Paramecium caudatum Ehrenberg, 1833
Most likely ID: n.a.
Synonym: n.a.
Sampling location: Simmelried, Ulmisried, Purren pond, Mainau pond, Bündtlisried, Bussenried, Pond of the convent Hegne
Phylogenetic tree: Paramecium caudatum
Diagnosis:
- body slipper-shaped, anteriorly rounded, posteriorly conical or narrowly rounded
- length 170–300 µm
- ventral surface with a distinct groove of the oral apparatus, widening anteriorly
- macronucleus ellipsoid in mid-body
- one spherical or broadly oval micronucleus adjacent to macronucleus
- two contractile vacuoles in anterior third and posterior third on dorsal side
- each contractile vacuole with one excretion porus
- contractile vacuoles with about 7 radial collecting ducts each
- spindle-shaped extrusomes (3–4 µm long) forming a distinct seam beneath pellicle
- pellicle quadrangularly fielded
- ciliation uniform, 80–120 ciliary rows of paired cilia
- a tuft of caudal cilia
I find Paramecium caudatum in all of my sampling sites that have a mud layer of decomposed plant material. Paramecium caudatum is found there in the aerobic, upper layer. Paramecium caudatum is practically never found between floating plant masses.

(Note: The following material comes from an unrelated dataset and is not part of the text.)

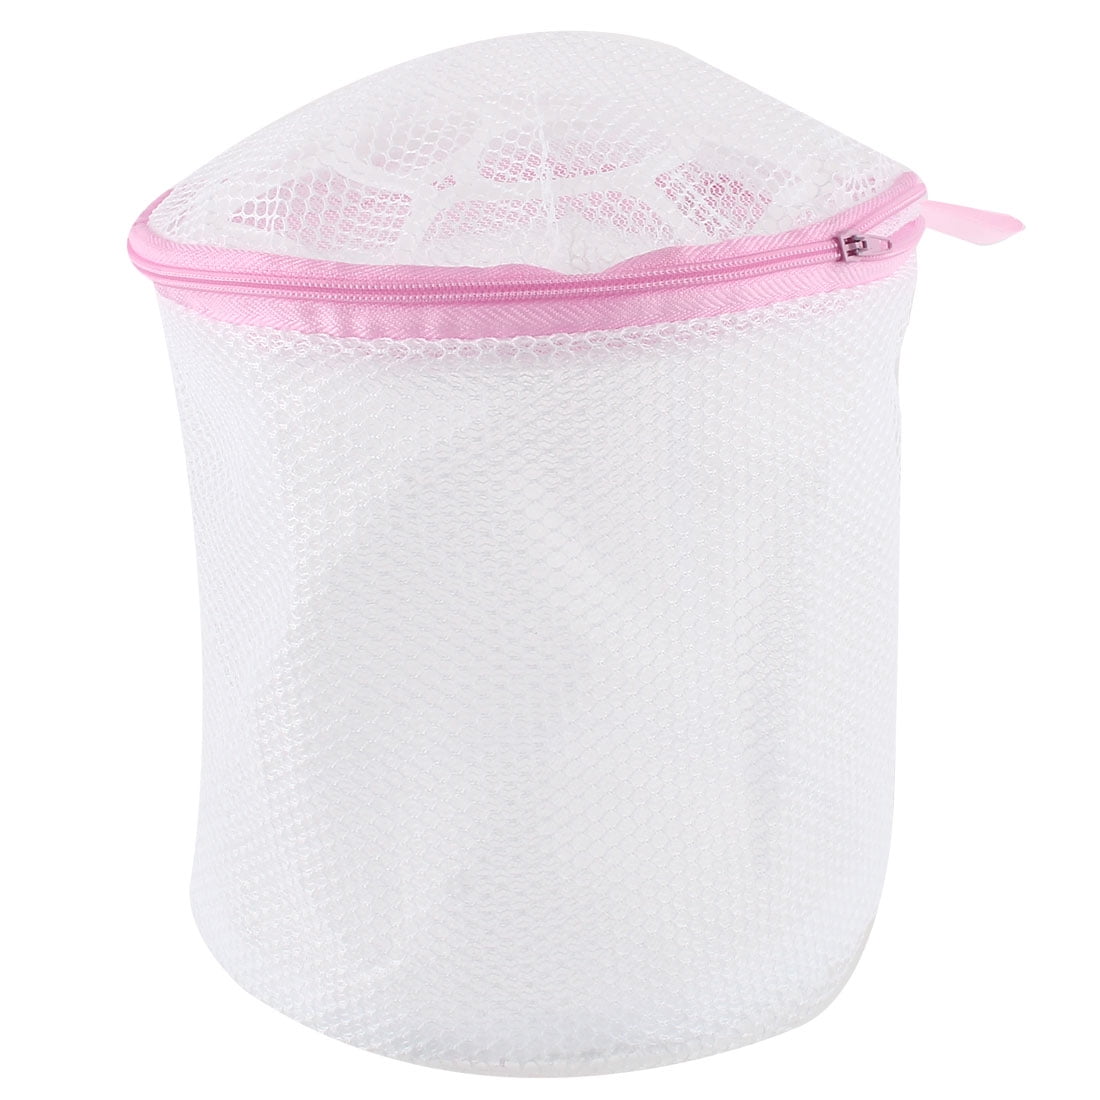 Underwear Aid Bra Laundry Bag Mesh Wash Basket Net Washing Storage Zipper Bag US

Paramecium caudatum is the best-studied ciliate of all and is kept in culture in thousands of laboratories around the world. In samples from the field, Paramecium caudatum is conspicuous by its size and typical shape, which resembles a slipper. The ciliate is a fast swimmer, but can be easily fixed under the coverslip and then examined in detail. Important features are the two contractile vacuoles with clearly visible collecting ducts and one excretory porus each. A rather large micronucleus with a diameter of about 8 µm is attached to the large macronucleus. The similar species Paramecium aurelia has two small micronuclei.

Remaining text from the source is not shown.